Information Systems homework help
Using your textbook, LIRN-based research, and the Internet, apply the learning outcomes for the week/course and lecture, discuss the following concepts and provide numerical/practical examples
● Define each of the following terms, discuss applicability and significance of each: sample statistic, standard error, sampling distribution, and central limit theorem. Include hypothetical examples for better clarity.
● What is the z statistic and what qualifies a statistic to be z statistic based on the central limit theorem and the basic properties of normal distributions? What are the limitations of the central limit theorem, and how some of these limitations are bypassed? For example, the z statistic as the sampling distribution in estimating a proportion.
● What is the sampling distribution in estimating the variance of a population? What are the properties of this distribution?

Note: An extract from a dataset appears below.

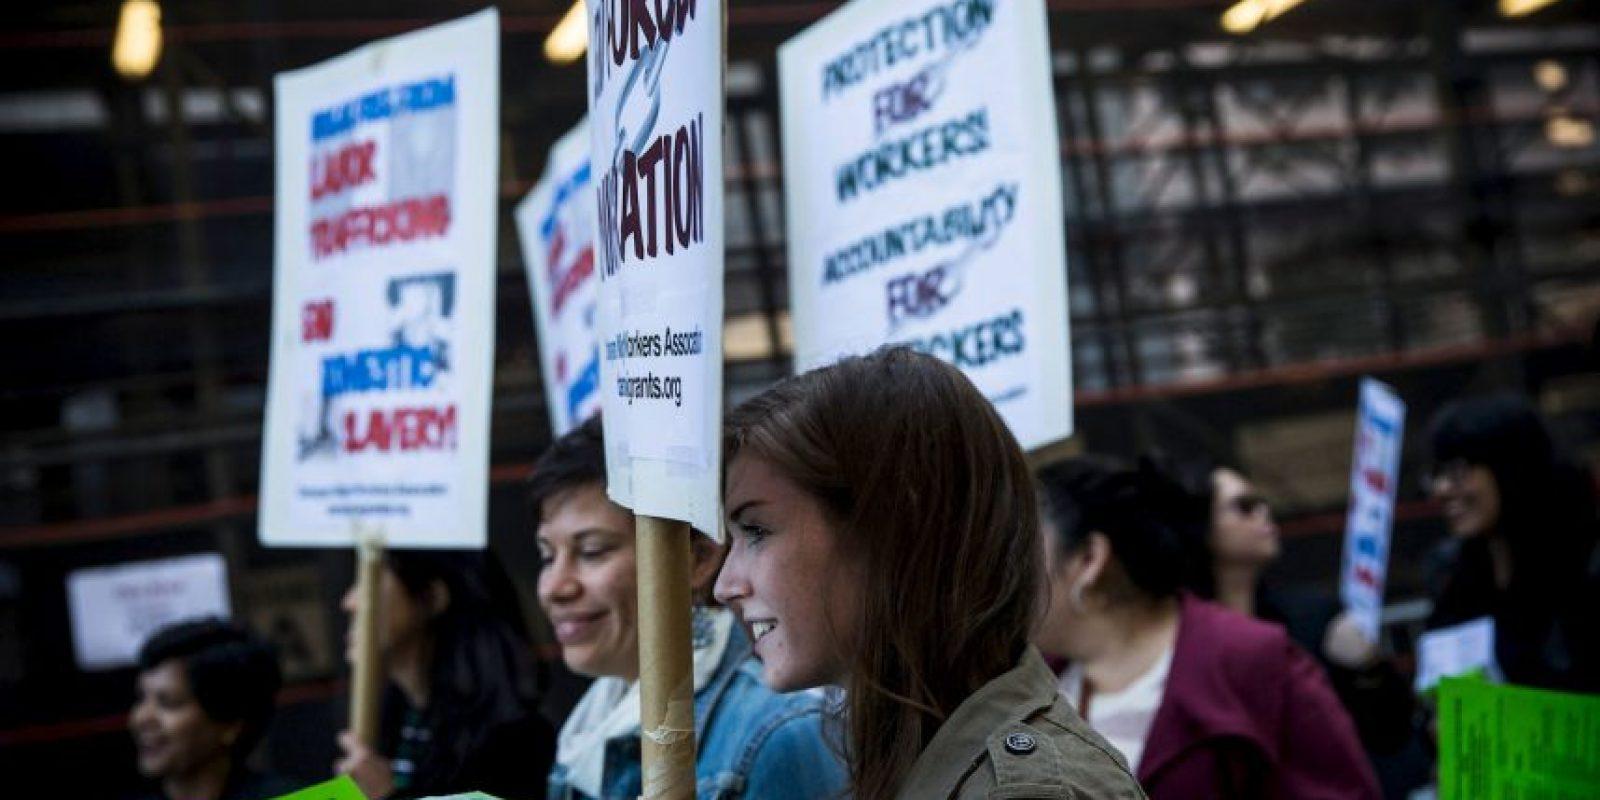 De aquellos que son explotados por individuos o empresas, 4,5 millones son víctimas de explotación sexual forzosa. Foto:Getty Images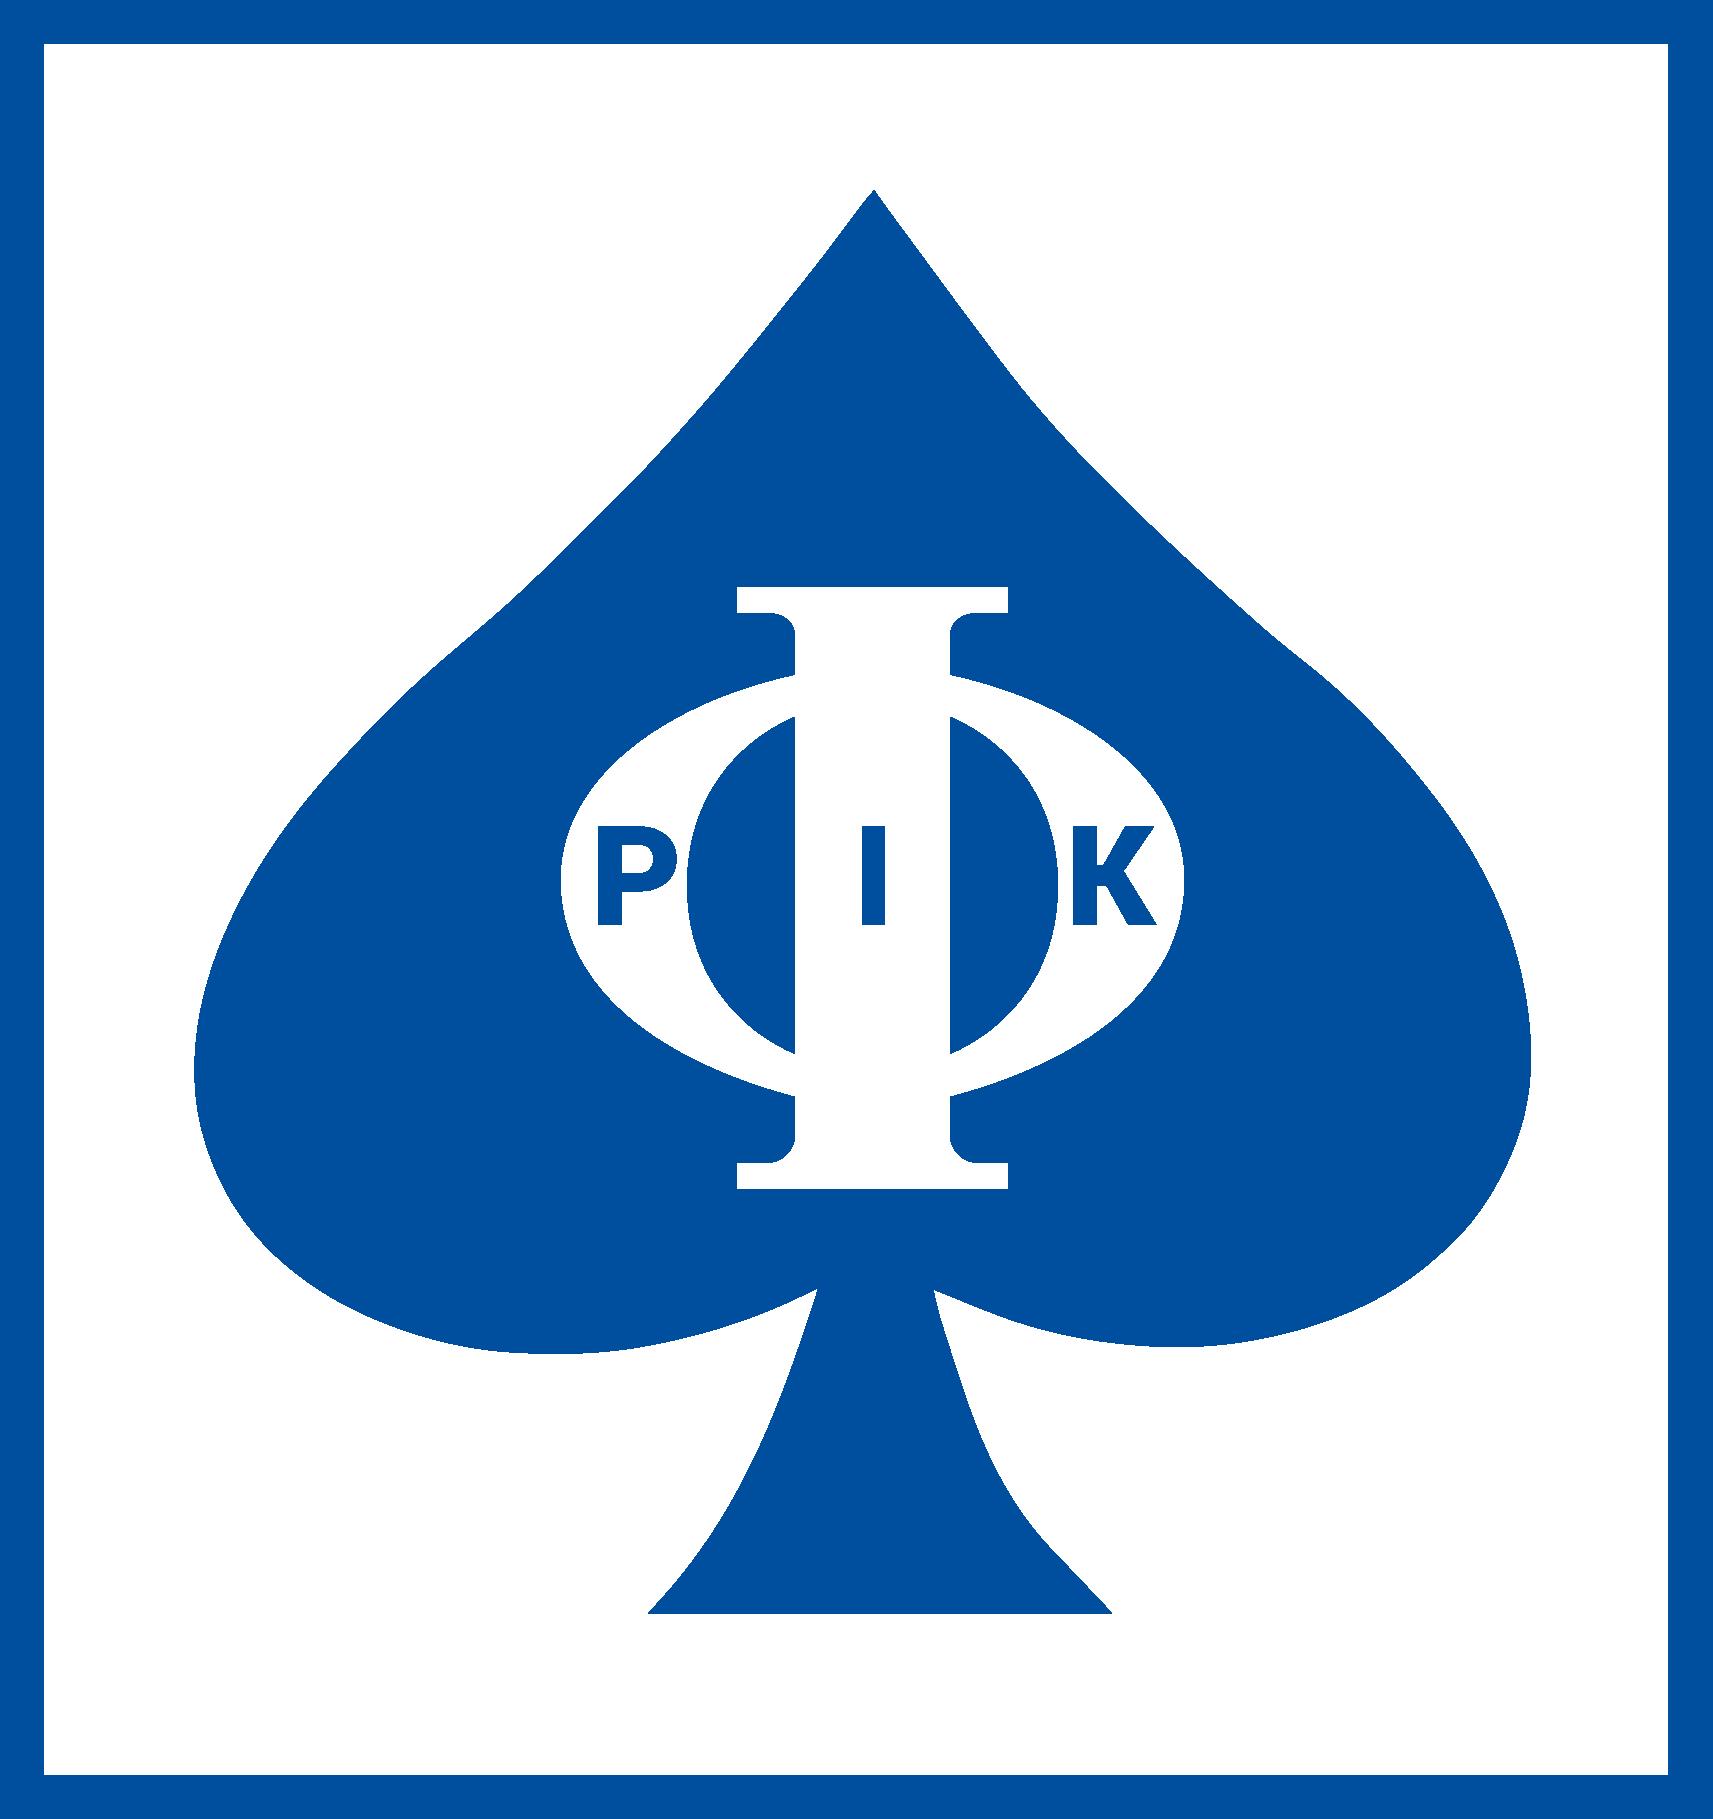 logo-ak-pik_blue.png

● What is the alternative of the z statistic for normally distributed populations which eliminates some limitations of the central limit theorem? How is this sampling distribution constructed as a combination of a z distribution and a chi squared distribution? What are the properties of this distribution?
(To provide numerical examples to answer questions mentioned above, for example, in the third item above, you can use the Excel function RAND to generate a sample of a uniform random variable, and the combination of RAND and NORM.INV to generate a sample of a normal random variable).
Make sure to include in-text citations and peer reviewed references in APA format in your discussion post.
● Define each of the following terms, discuss applicability and significance of each: sample statistic, standard error, sampling distribution, and central limit theorem. Include hypothetical examples for better clarity.
● What is the z statistic and what qualifies a statistic to be z statistic based on the central limit theorem and the basic properties of normal distributions? What are the limitations of the central limit theorem, and how some of these limitations are bypassed? For example, the z statistic as the sampling distribution in estimating a proportion.
● What is the sampling distribution in estimating the variance of a population? What are the properties of this distribution?
● What is the alternative of the z statistic for normally distributed populations which eliminates some limitations of the central limit theorem? How is this sampling distribution constructed as a combination of a z distribution and a chi squared distribution? What are the properties of this distribution?
(To provide numerical examples to answer questions mentioned above, for example, in the third item above, you can use the Excel function RAND to generate a sample of a uniform random variable, and the combination of RAND and NORM.INV to generate a sample of a normal random variable).
Make sure to include in-text citations and peer reviewed references in APA format in your discussion post.